### Exercise aim
Please, could you print all the lines below exactly, leaving out the pictures?

### Raw data
·····

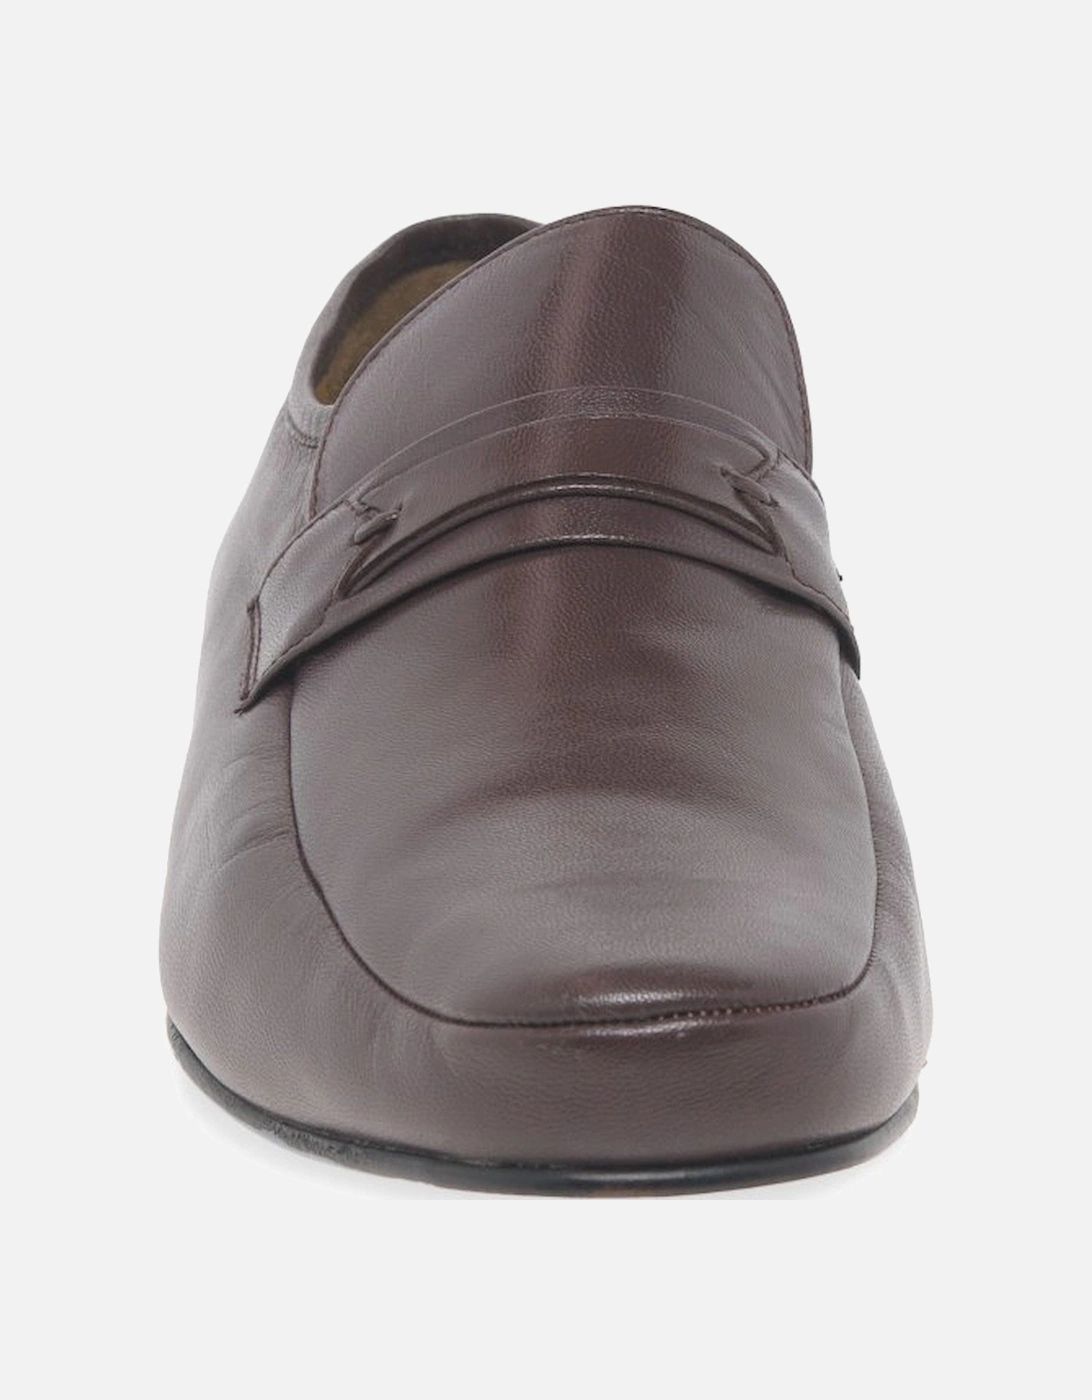 Regent Mens Slip On Formal Shoes
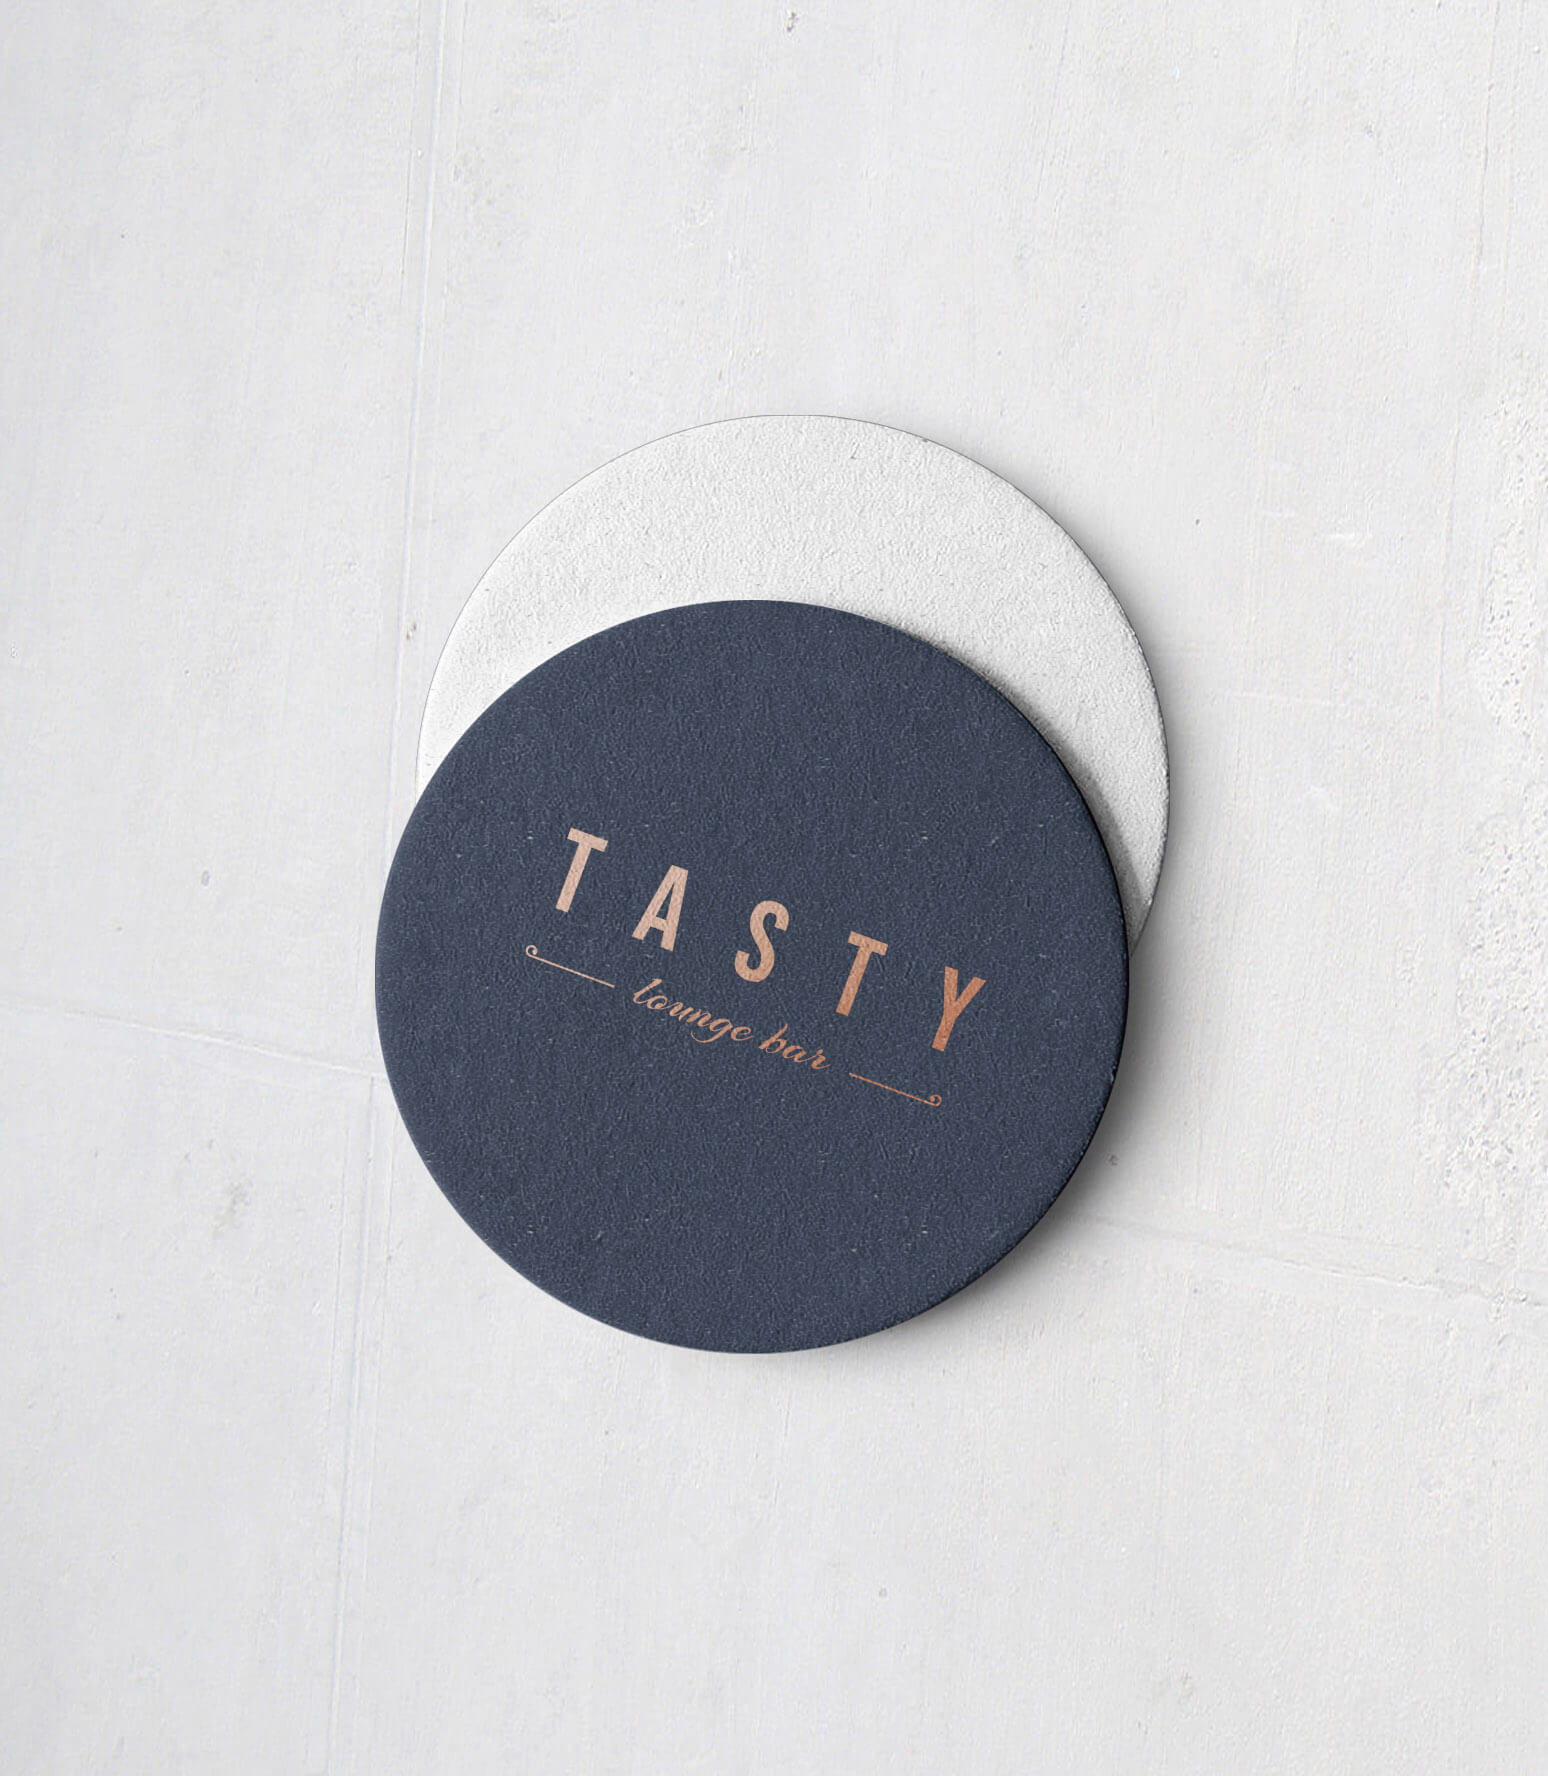 Tasty Lounge Bar酒吧品牌视觉设计
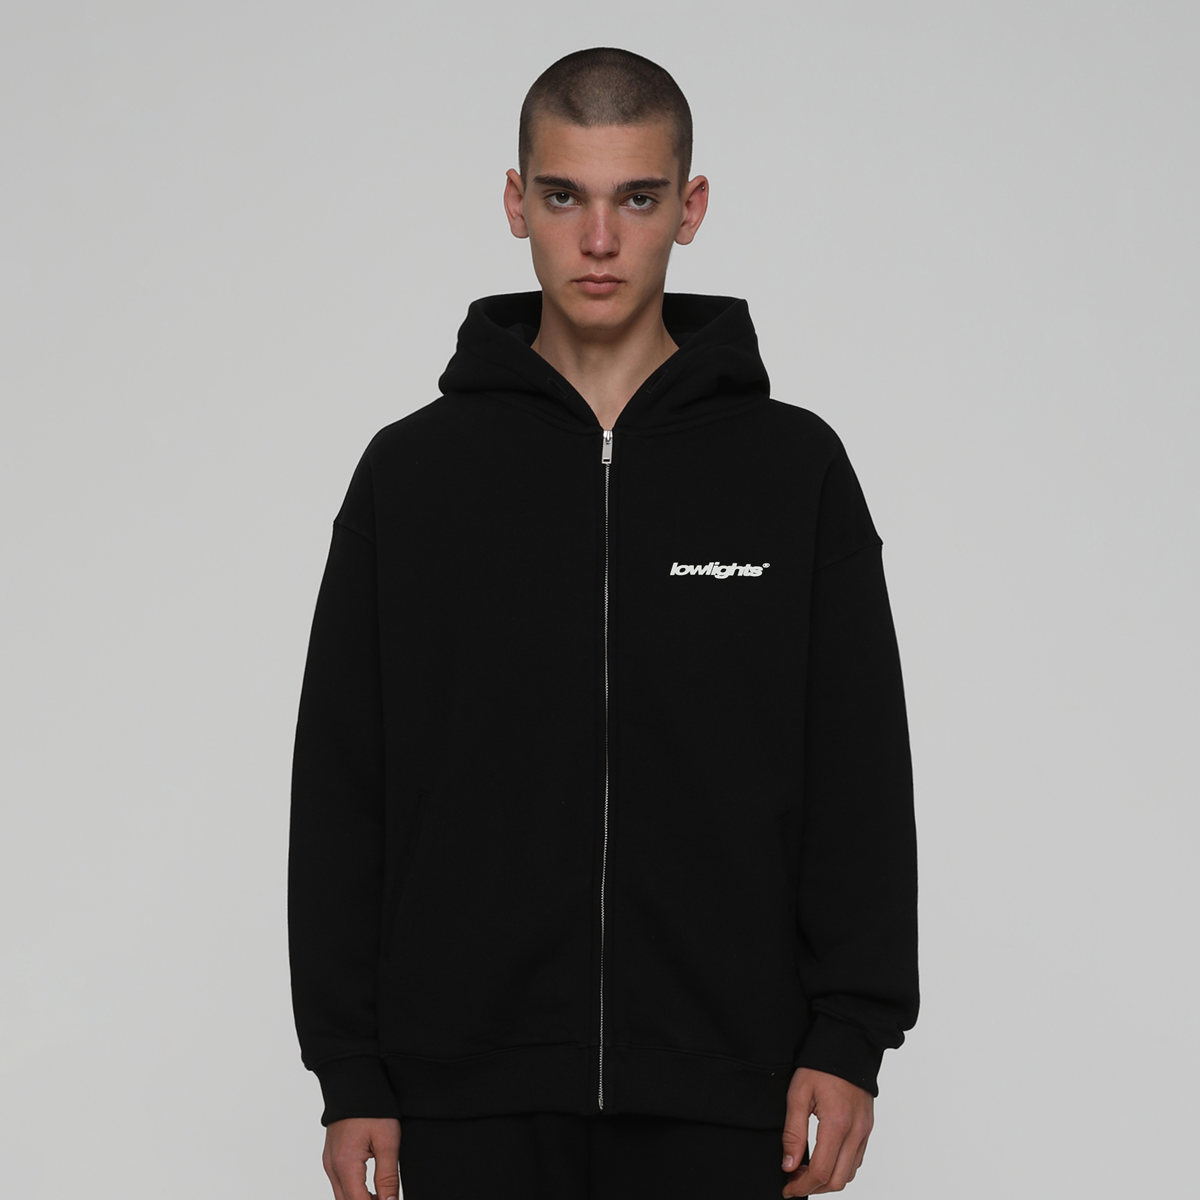 Low Lights Studios Light Zip-hoodie Hooded vesten Heren black maat: XL beschikbare maaten:S M L XL
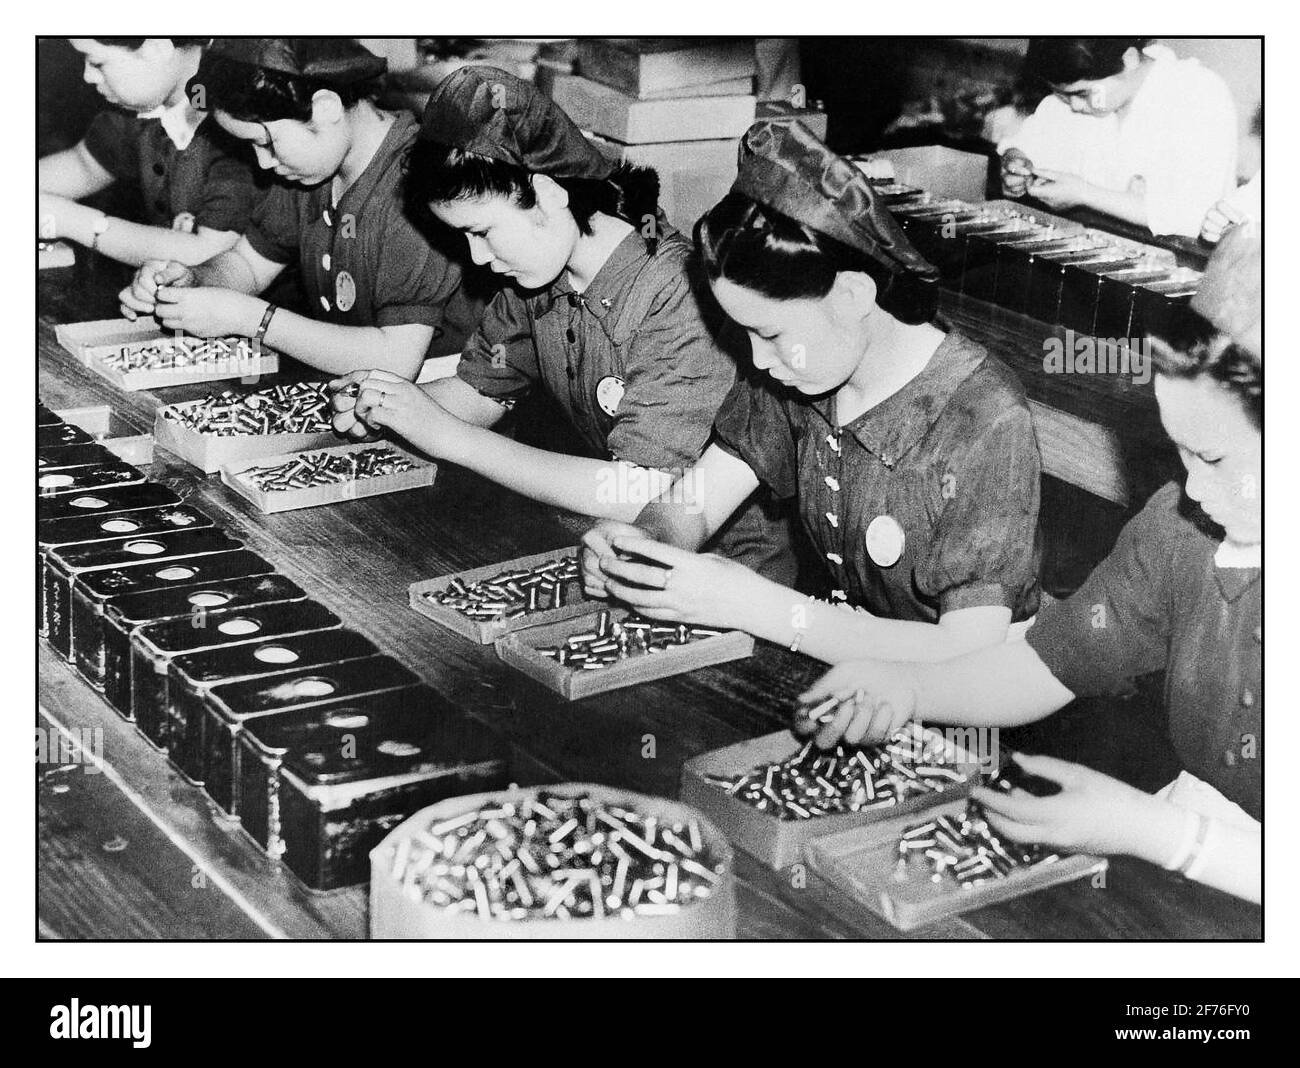 JAPON WW2 MUNITIONS POUR LE TRAVAIL DE GUERRE DES FEMMES 1941, JAPON. WW2 armement Guerre production avec des femmes travaillant dans une usine de munitions japonaise. Deuxième Guerre mondiale deuxième Guerre mondiale Banque D'Images

·····

### Answer area
 Regent Mens Slip On Formal Shoes
 Tasty Lounge Bar酒吧品牌视觉设计
 Low Lights Studios Light Zip-hoodie Hooded vesten Heren black maat: XL beschikbare maaten:S M L XL
 JAPON WW2 MUNITIONS POUR LE TRAVAIL DE GUERRE DES FEMMES 1941, JAPON. WW2 armement Guerre production avec des femmes travaillant dans une usine de munitions japonaise. Deuxième Guerre mondiale deuxième Guerre mondiale Banque D'Images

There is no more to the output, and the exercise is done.